While the Toronto condominium market will certainly feel the dampening effects of the recent changes to federal rules governing mortgages, a renowned developer and real estate broker argued that the adjustments will not necessarily lead to price corrections and sales decline in the city.
“It's really not the end of the world,” Brad Lamb told CBC News
“The market here is so well supported with employment. There are shortages of rentals, shortages of purpose-built rentals, and shortages of anything to buy,” he elaborated. “I think it's a whole lot of nothing.”

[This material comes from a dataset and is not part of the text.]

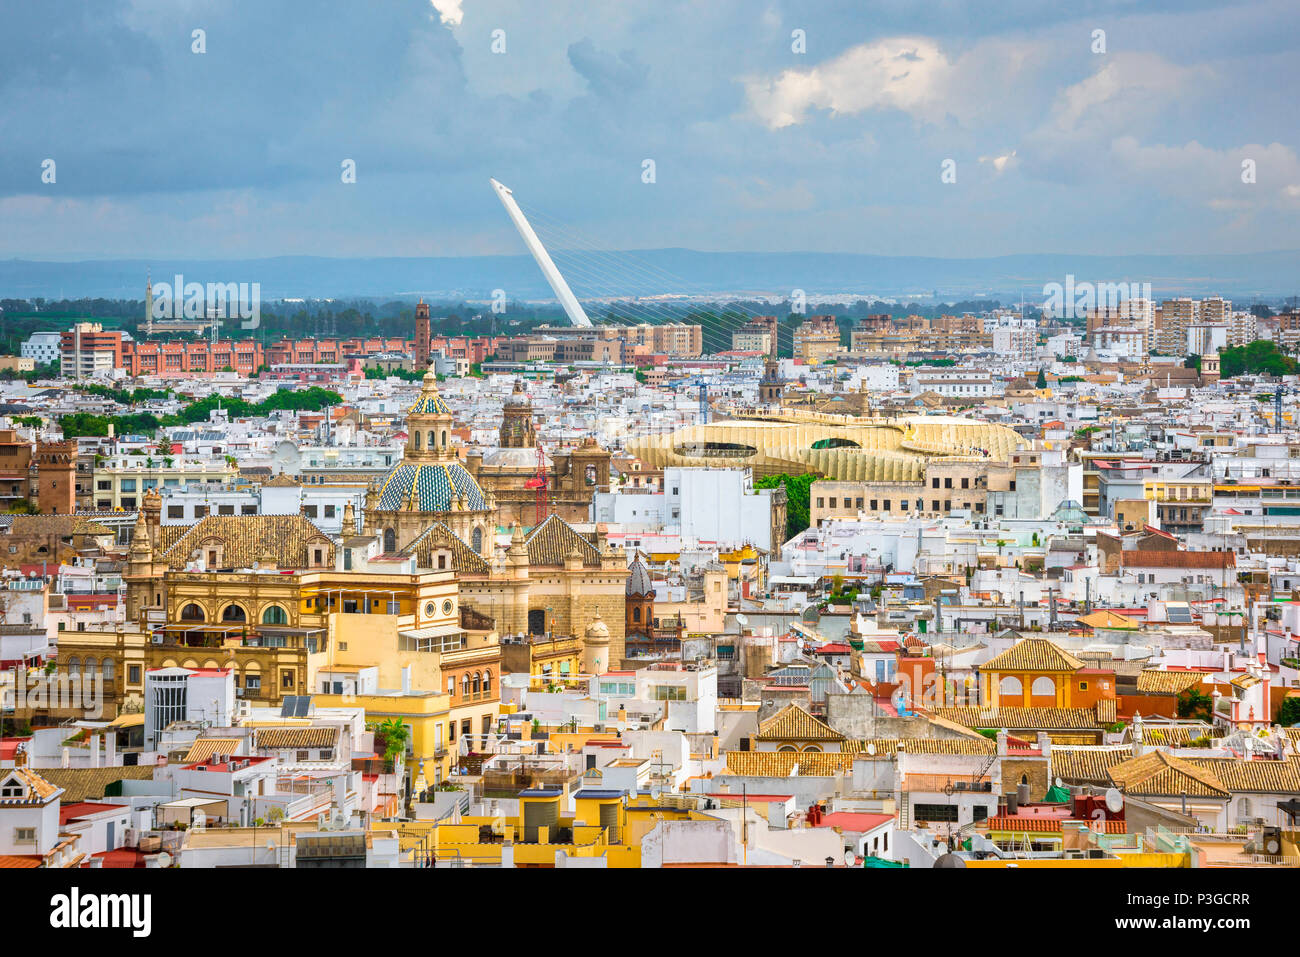 Ciudad Vieja de Sevilla, vista aérea del casco antiguo de Sevilla (Sevilla) con las setas y el Puente del Alamillo, visible en la distancia, España. Foto de stock

Lamb added that instead of fleeing Toronto, first-time buyers—who are projected to be among the sectors most negatively impacted by the new rules—will simply “adjust their expectations downward,” as Toronto’s economic fundamentals are still too stable to depart from.
Moreover, Lamb predicted that the most that the Toronto condo market might experience in the new regulatory regime is a “very mild” drop in activity, especially in the $250,000 to $350,000 price range.
However, prominent real estate data analyst Ross Kay begged to differ, saying that the “radical change” would prove to be highly detrimental to the Toronto market, which is already at what he called a “tipping point”.
“Certainly nowhere in North America has this ever happened,” Kay noted, adding that a “full correction” in Toronto is just beyond the horizon.
In particular, the newly mandated “stress test” on borrowers’ capacity to service payments at the Bank of Canada’s posted 5-year rate of 4.64 per cent will only “wipe out” a significant proportion of new buyers from the market
Projecting a 17 per cent plunge in national average sale prices, Kay stated that officials’ hopes of a slow and safe slowdown in the Toronto real estate market are severely misguided.
“They all think you can cool the market. But a market either escalates forward or it corrects. It's one or the other.”